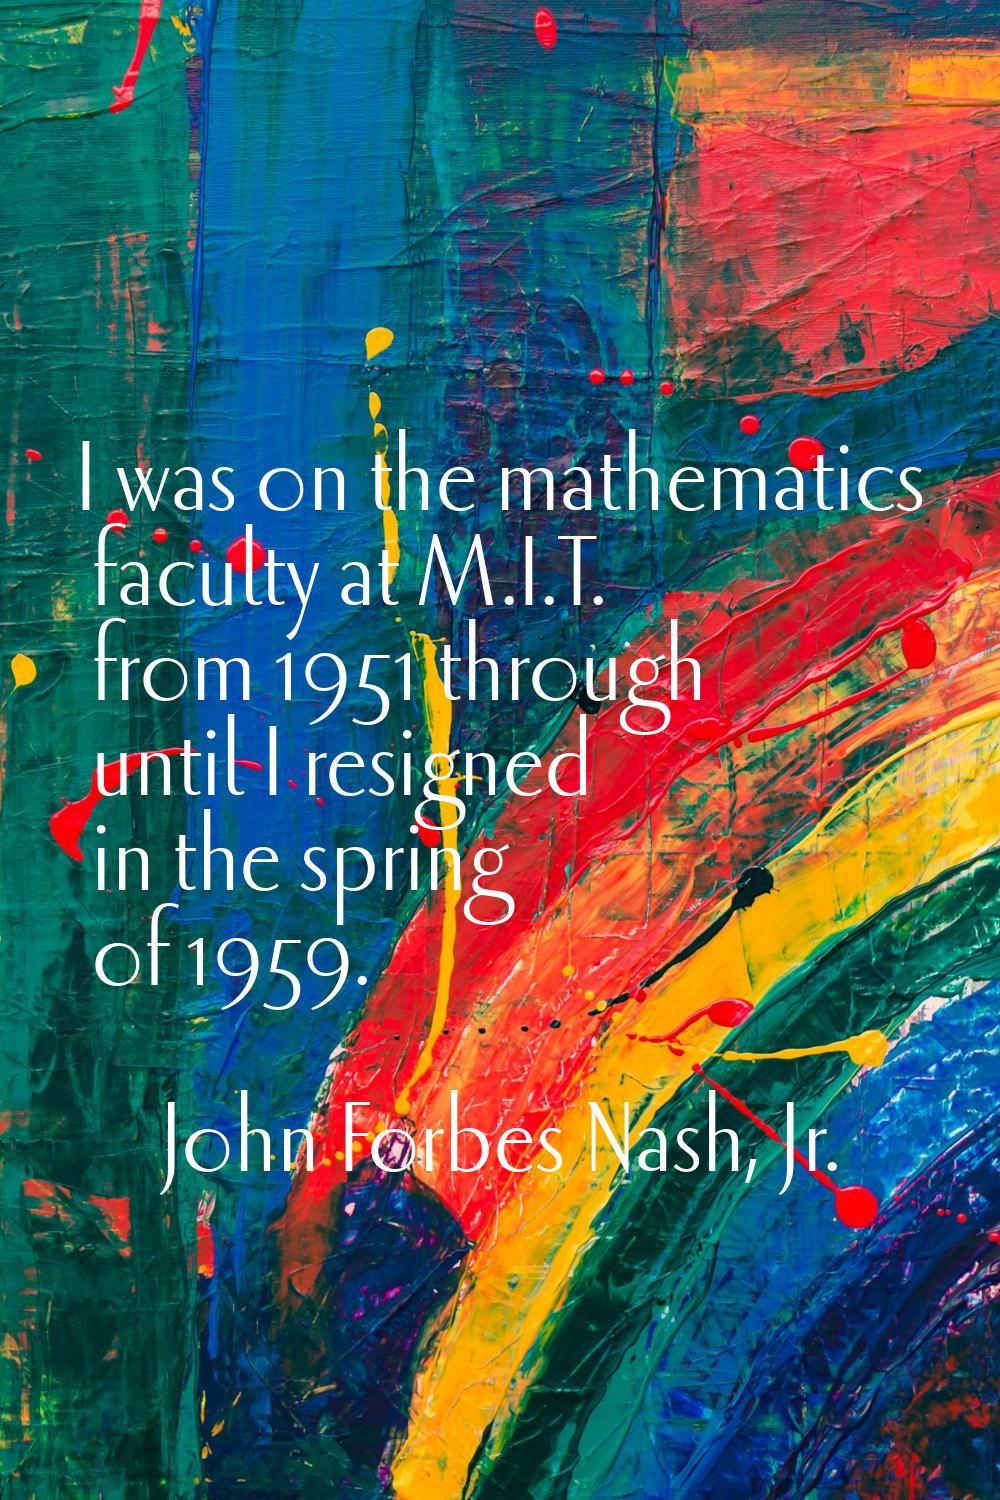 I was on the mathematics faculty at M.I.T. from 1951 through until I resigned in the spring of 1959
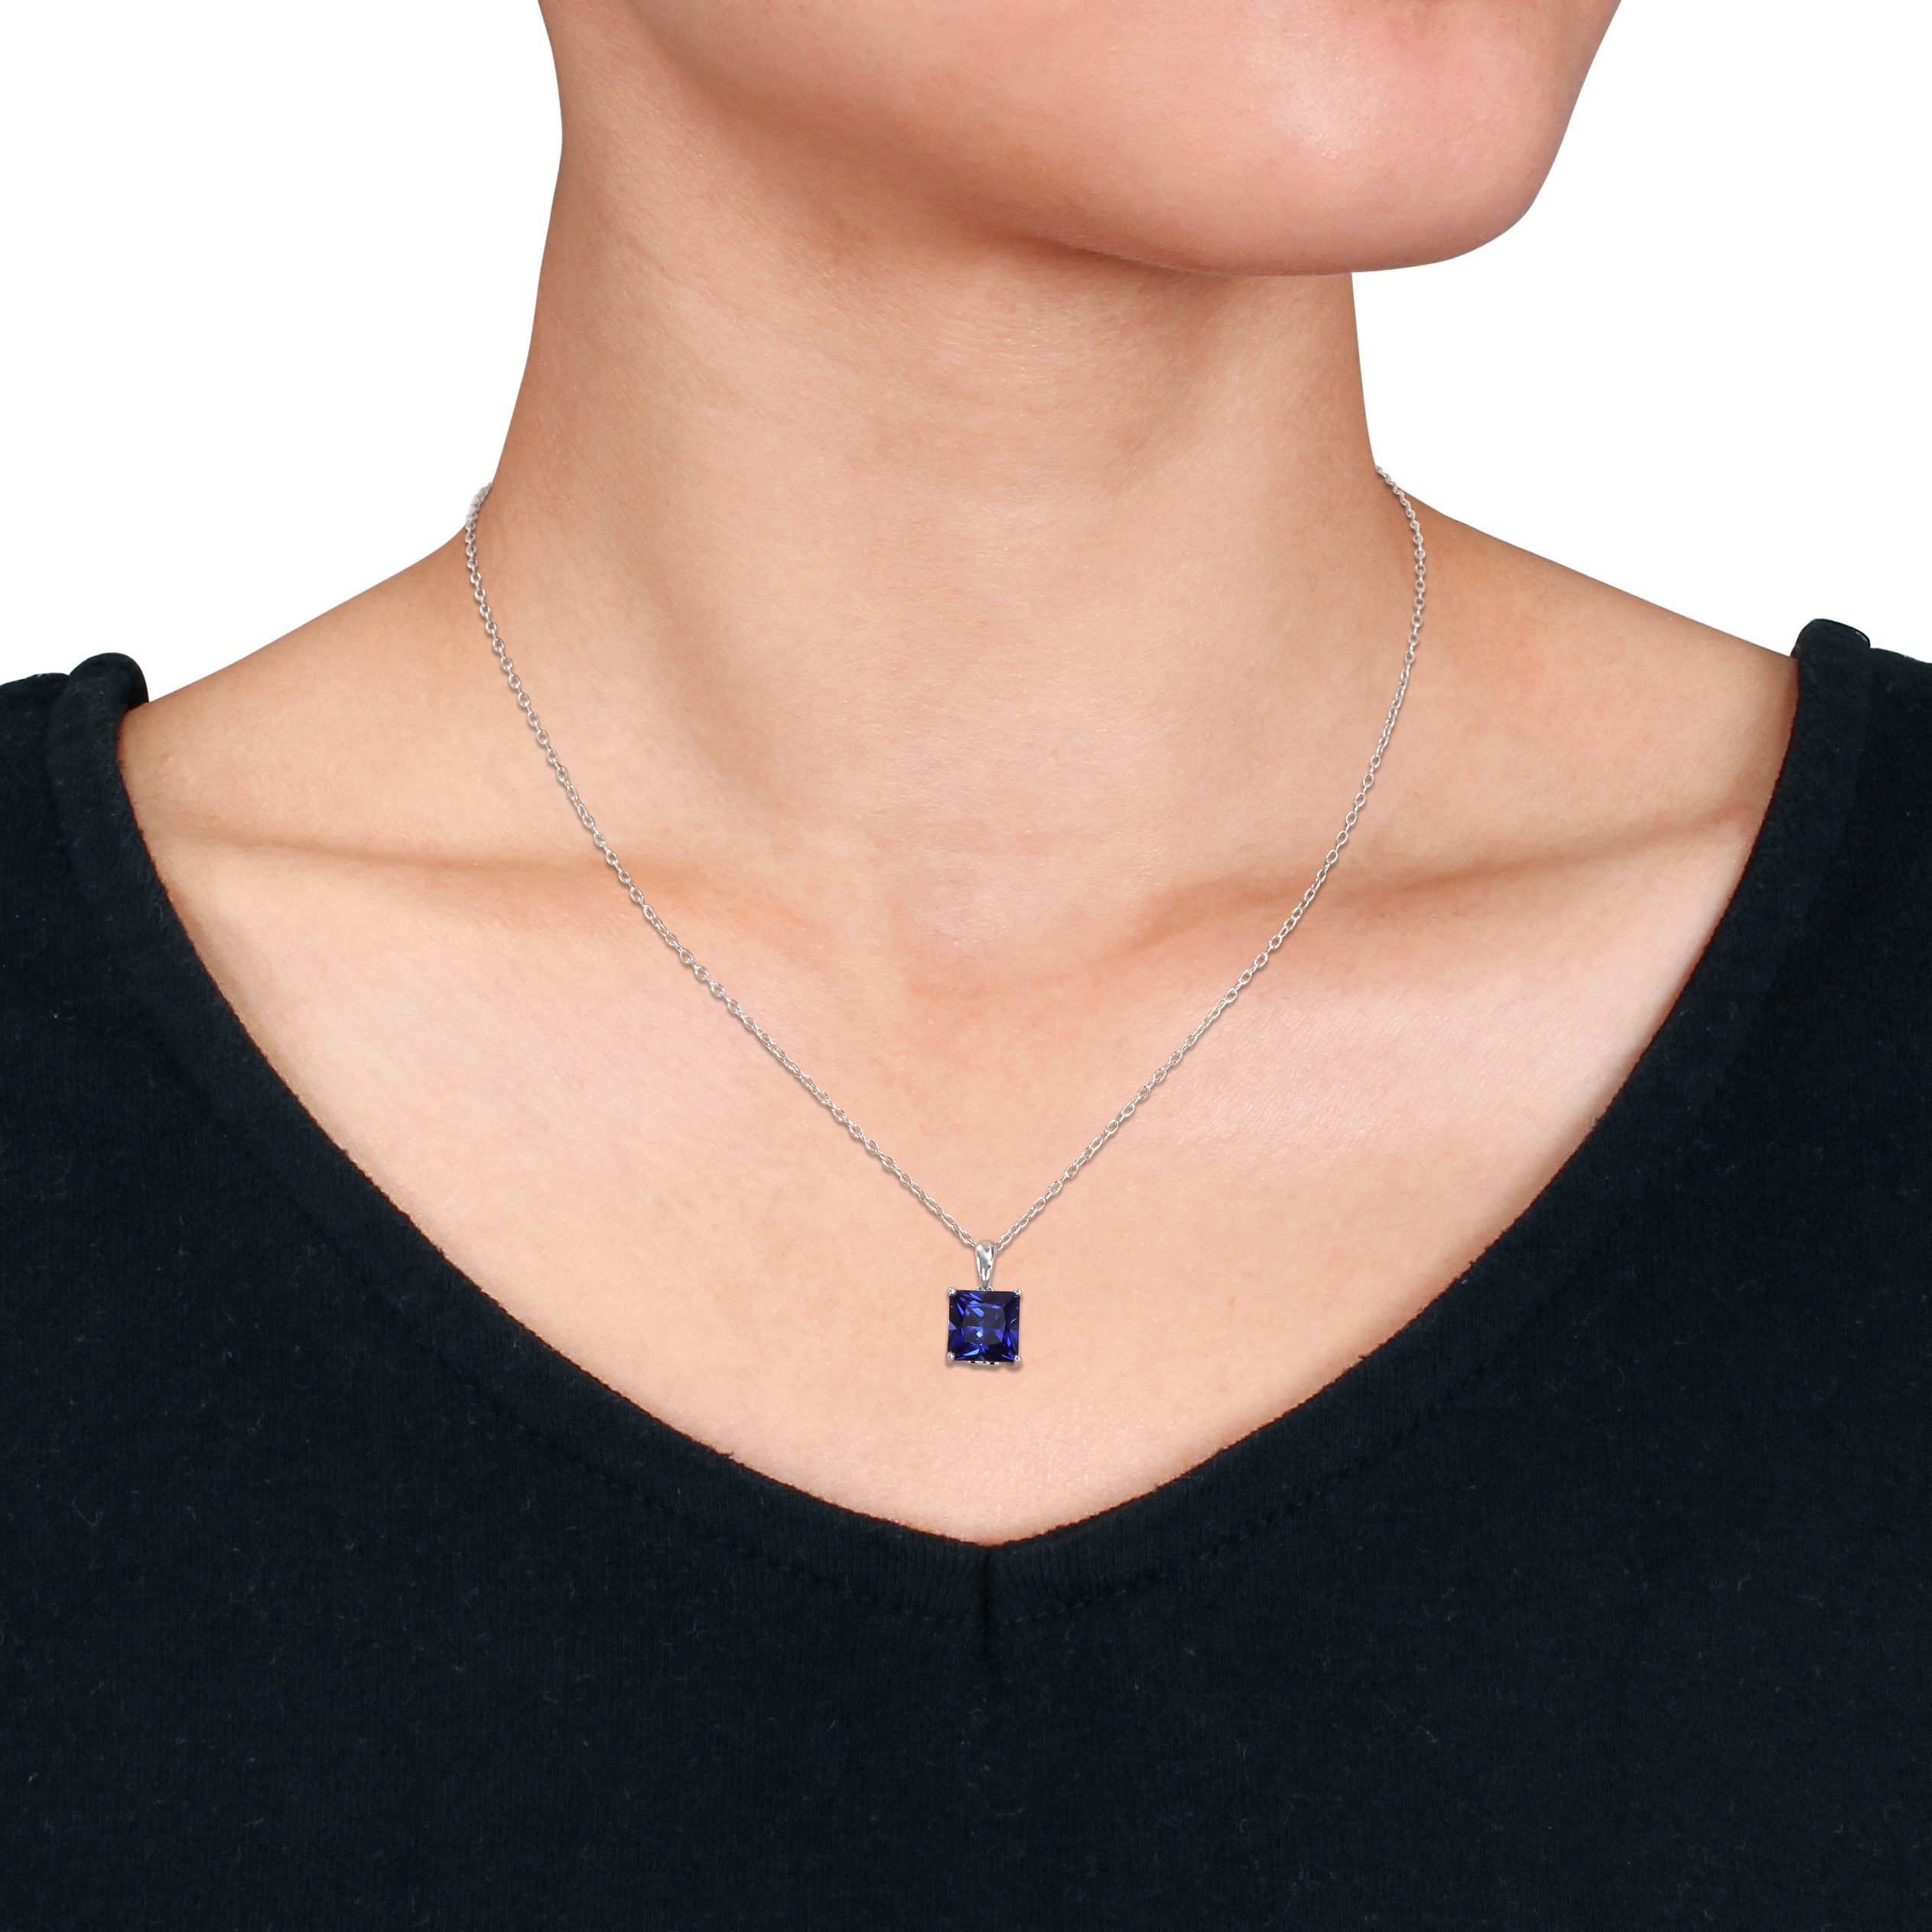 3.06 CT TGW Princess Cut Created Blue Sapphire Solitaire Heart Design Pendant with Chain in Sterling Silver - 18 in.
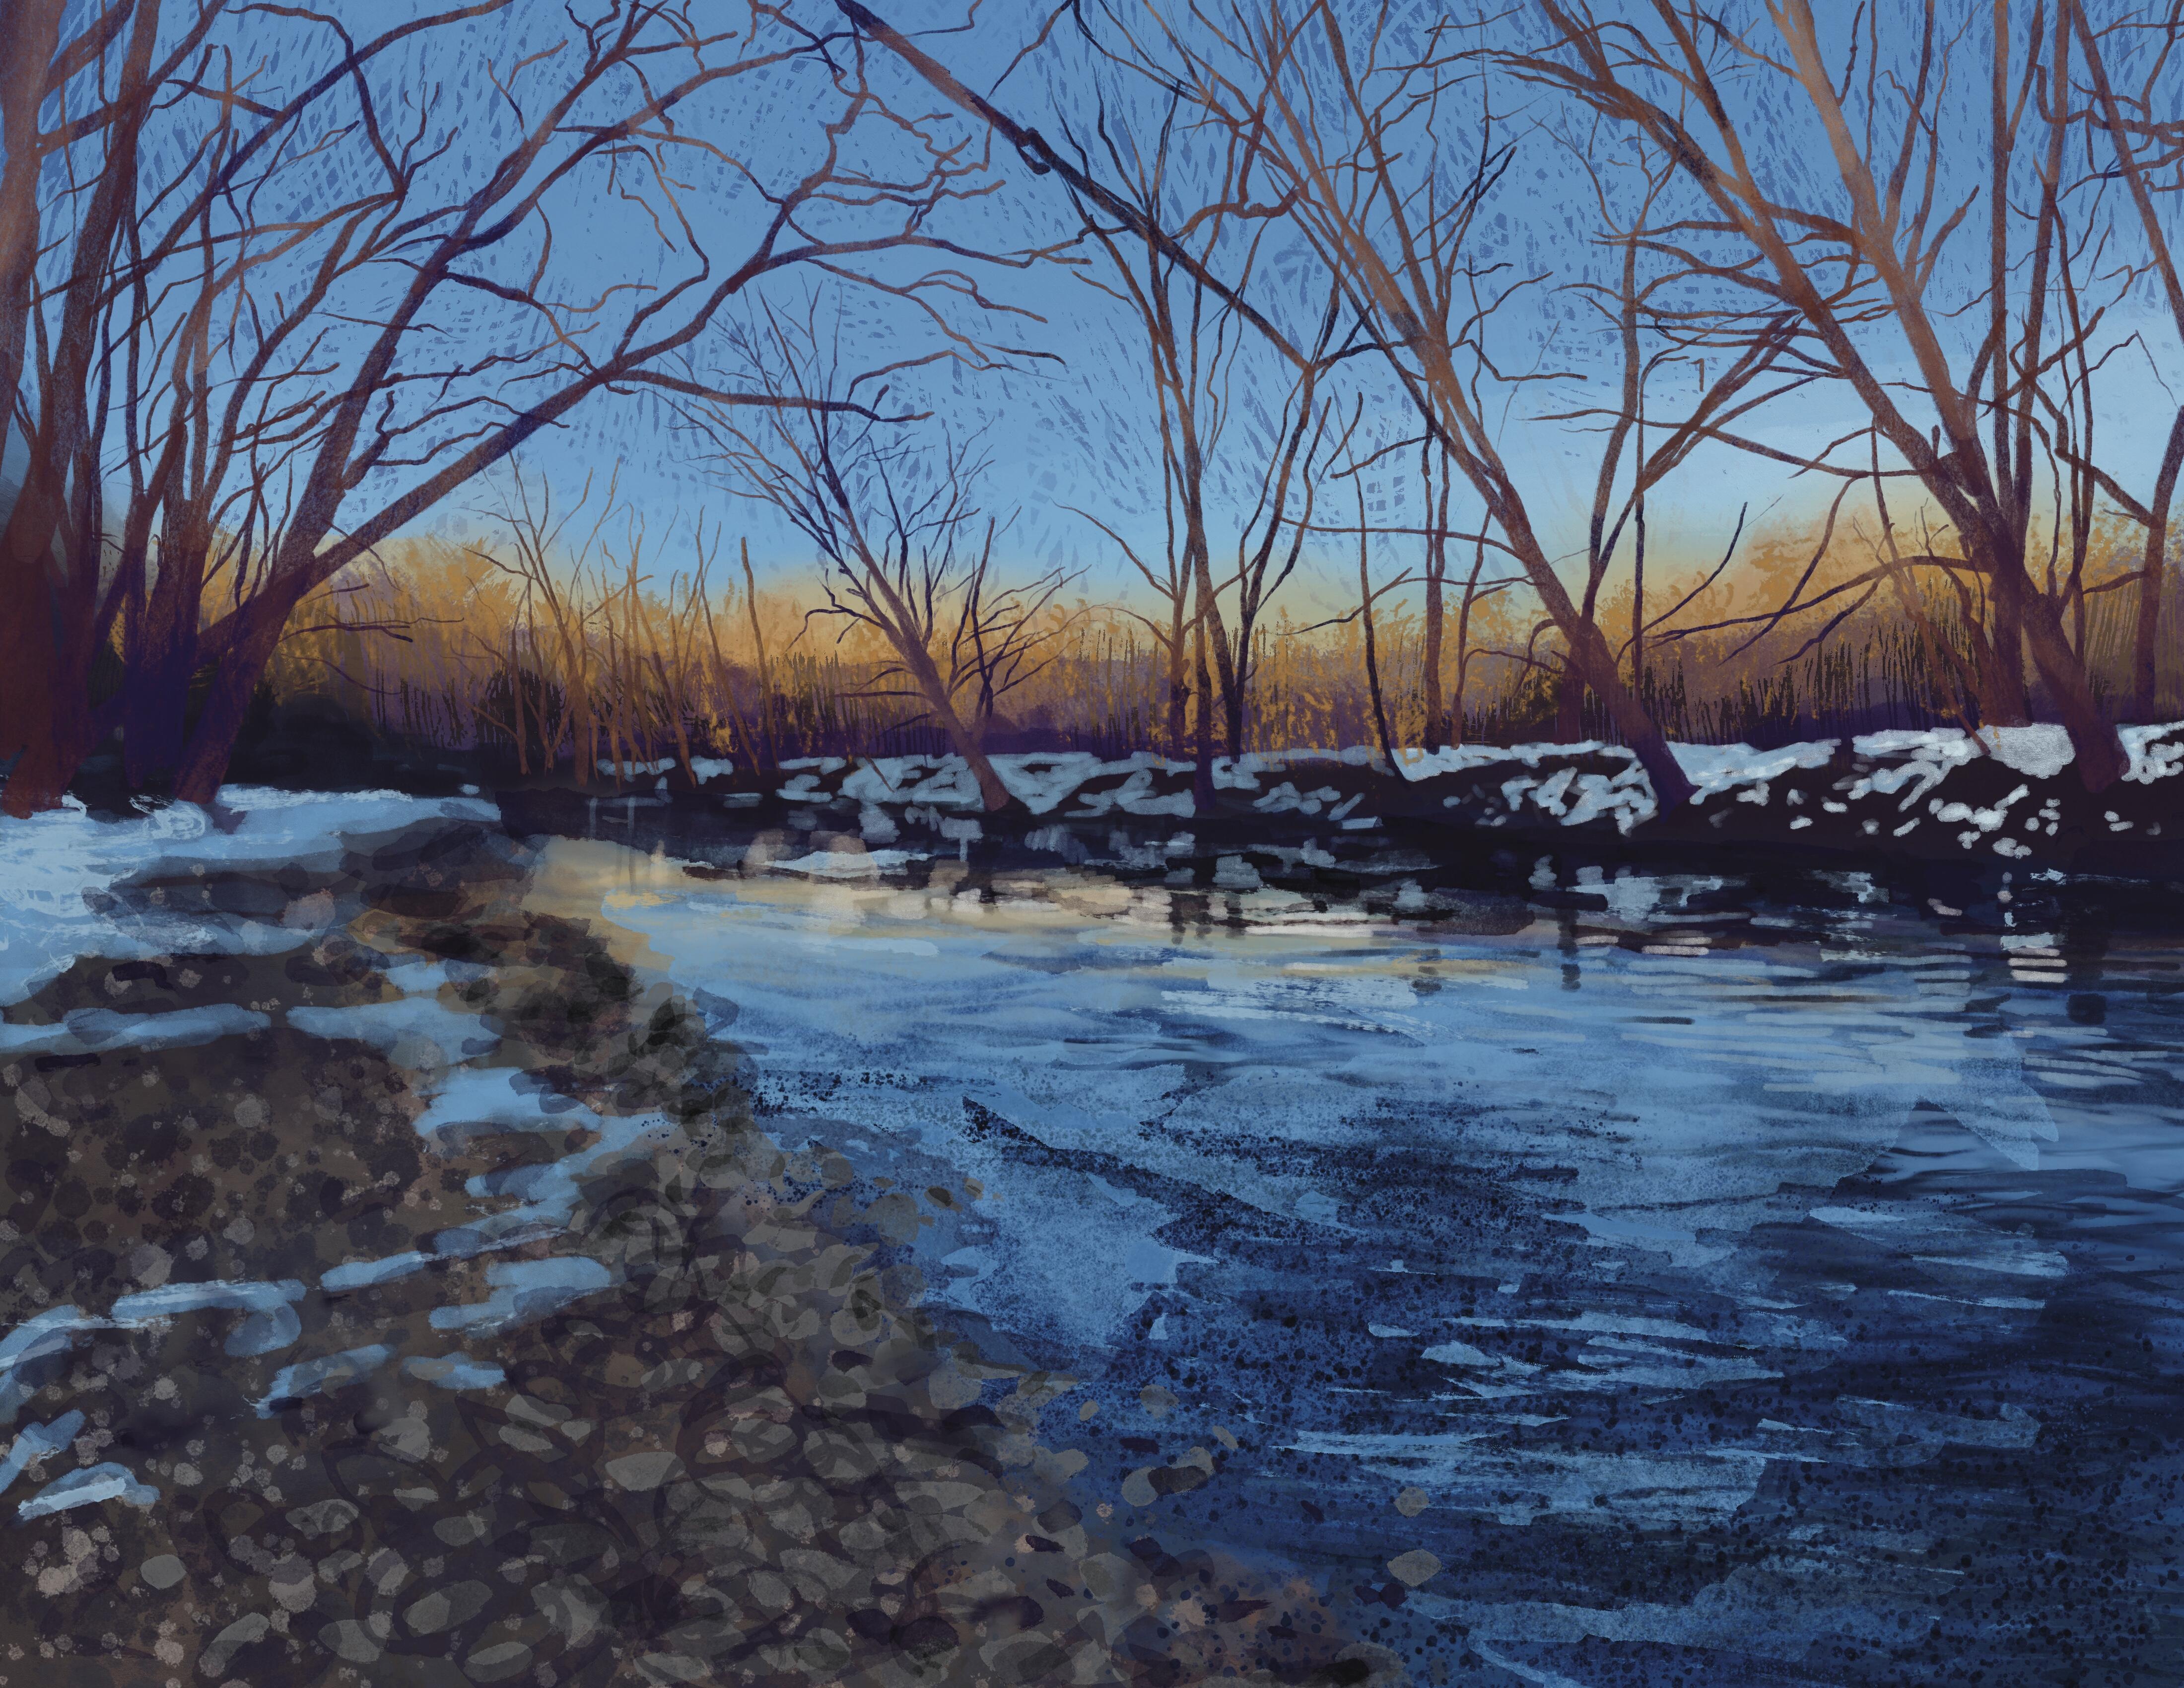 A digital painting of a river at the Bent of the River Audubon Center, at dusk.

^^^^^^^^

• _WHAT IS REQUIRED_: When you repeat the lines above, keep them exact and leave out each image they contain.

• _ANSWER BELOW_:
 I was on the mathematics faculty at M.I.T. from 1951 through until I resigned in the spring of 1959
 3.06 CT TGW Princess Cut Created Blue Sapphire Solitaire Heart Design Pendant with Chain in Sterling Silver - 18 in.
 A digital painting of a river at the Bent of the River Audubon Center, at dusk.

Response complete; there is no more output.